• Collected data:
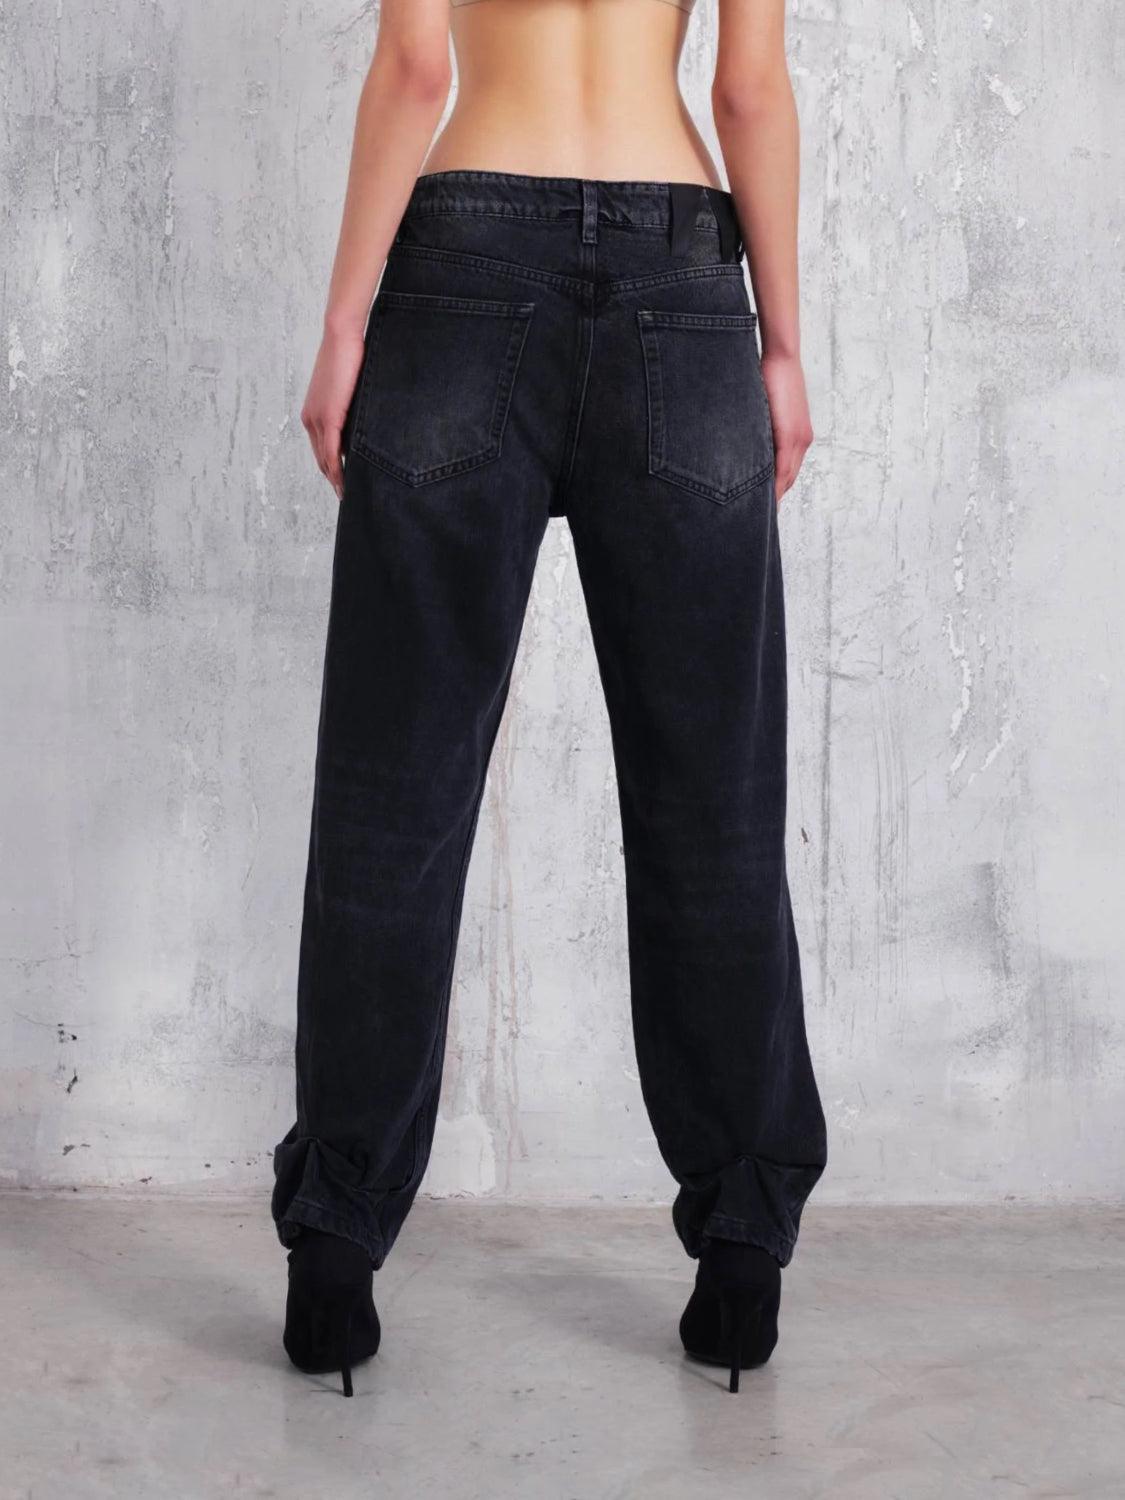 Darkpark Jeans | Jeans Liz used schwarz | WTR21 DBK01 W102 / ADAM/EVE
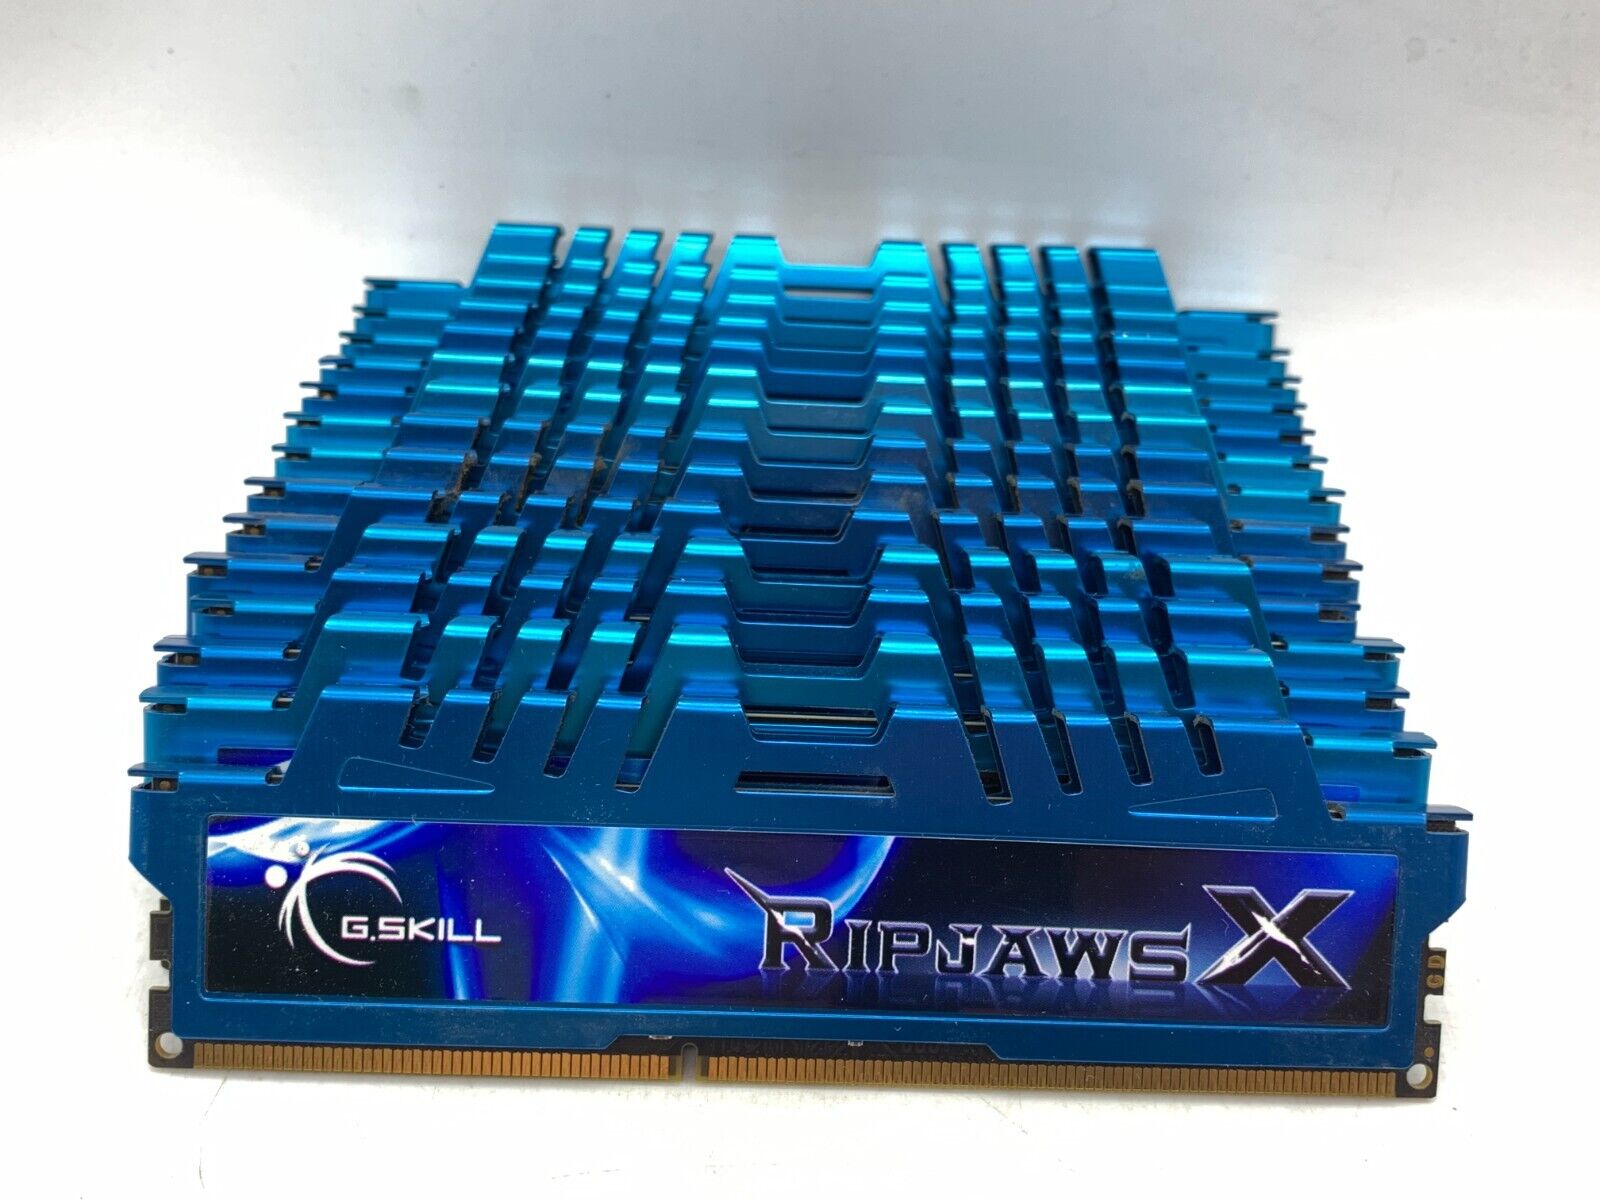 LOT of 14 G.Skill Ripjaws X Blue 8GB DDR3 PC3-12800 1600 Desktop RAM Memory
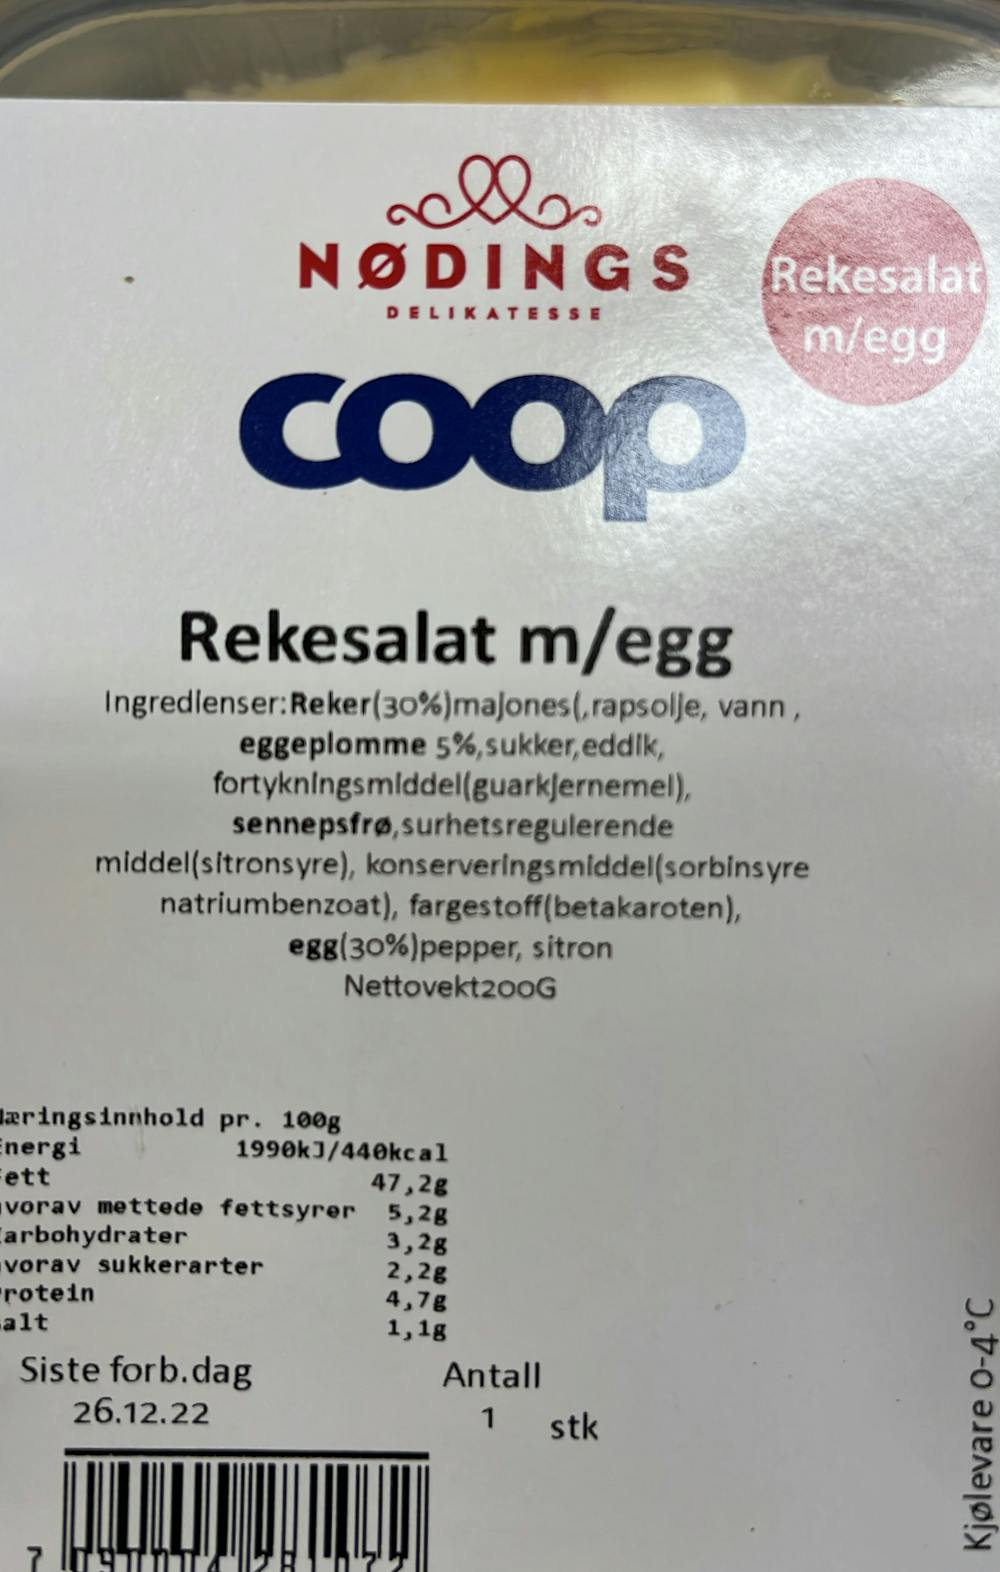 Ingredienslisten til Rekesalat m egg, Coop

• Assignment: Take the whole listing above and copy it exactly. Pictures do not go into the copy.

• Written answer:
 Darkpark Jeans | Jeans Liz used schwarz | WTR21 DBK01 W102 / ADAM/EVE
 LOT of 14 G.Skill Ripjaws X Blue 8GB DDR3 PC3-12800 1600 Desktop RAM Memory
 Ingredienslisten til Rekesalat m egg, Coop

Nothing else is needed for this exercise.